Figure 3: Mesostructure containing chains of Coarse-Grained Polypropylene

Next, we looked at other common properties that could meet the needs of the packaging industry such as the Water Vapor Transmission Rate (WVTR) and Oxygen Permeation (OP). Both of these are critical for preserving stored goods, as well as for elongation at break, which may be relevant to polymer production or transportation.

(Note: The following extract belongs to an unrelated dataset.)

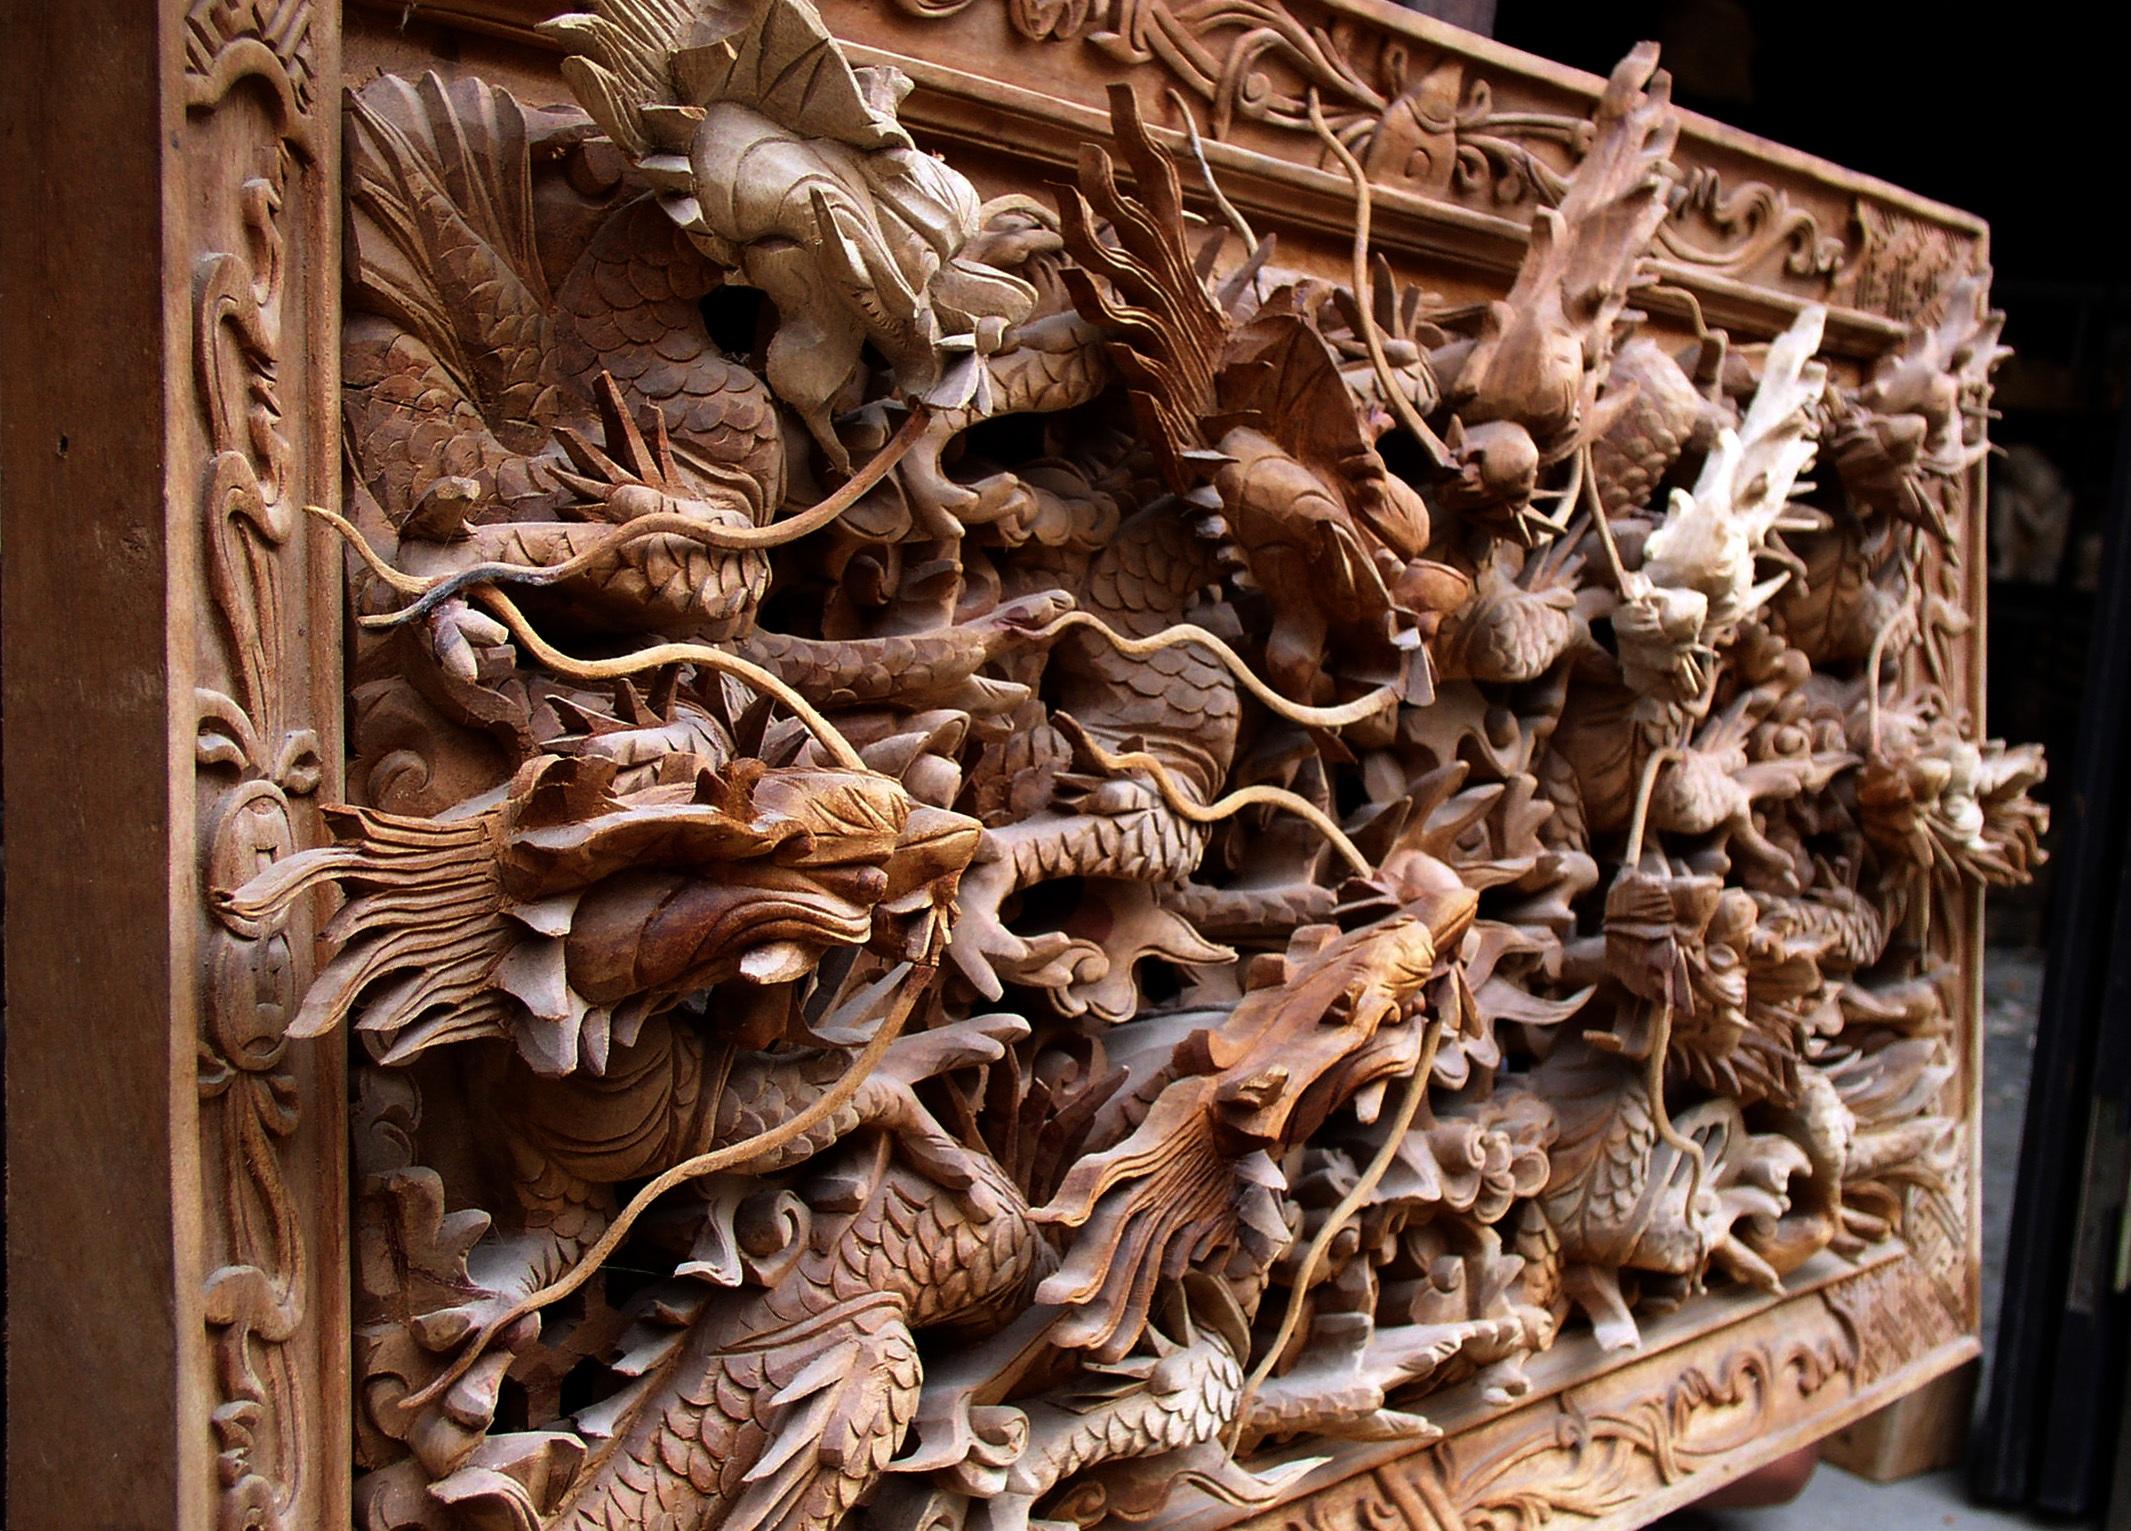 Fotos gratis antiguo textura interior decoración

Figure 4: Results obtained in Materials Studio for Polypropylene: a) Radius of gyration, b) Density and c) Diffusion Coefficient of Water  

Polypropylene is a non-biodegradable petroleum-based polymer with a high oxygen diffusion and a low water vapor permeation. The new tendency of the market is to find biobased and biodegradable polymers with equivalent or superior advantages compared to the old ones. The same step-by-step computational method applied to simpler polymers is now being extended to more complex frameworks, such as Polylactic acid (PLA) and Polyglycolide (PGA) BIOVIA Materials Studio® Dassault Systèmes offers an advanced environment for discovery and analysis In Silico of materials and their performance.  Using this solution, excessive laboratory experiments are minimized, resources are preserved, costs are reduced, time-to-market is improved, and innovations are brought quickly to market.

Sources:

  1. Statista. Distribution of packaging demand worldwide in 2019, by material type. Available in https://www.statista.com/statistics/271601/packaging-materials-in-the-global-packaging-market-since-2003/
  2. National Geographic. The world’s plastic pollution crisis explained. 2019. Available in https://www.nationalgeographic.com/environment/article/plastic-pollution
  3. BIOVIA Reference Database. Molecular Modeling and Simulation. Available in https://www.3ds.com/products-services/biovia/references/
  4. Casalini, Tommaso. “Fundamentals and application of modeling in support of spinal cord injury repair strategies.” Spinal Cord Injury (SCI) Repair Strategies. Woodhead Publishing, 2020. 279-306.
  5. Marrink, Siewert J., et al. “The MARTINI force field: coarse grained model for biomolecular simulations.” The journal of physical chemistry B 111.27 (2007): 7812-7824.
  6. Souza, Paulo CT, et al. “Martini 3: a general purpose force field for coarse-grained molecular dynamics.” Nature methods 18.4 (2021): 382-388.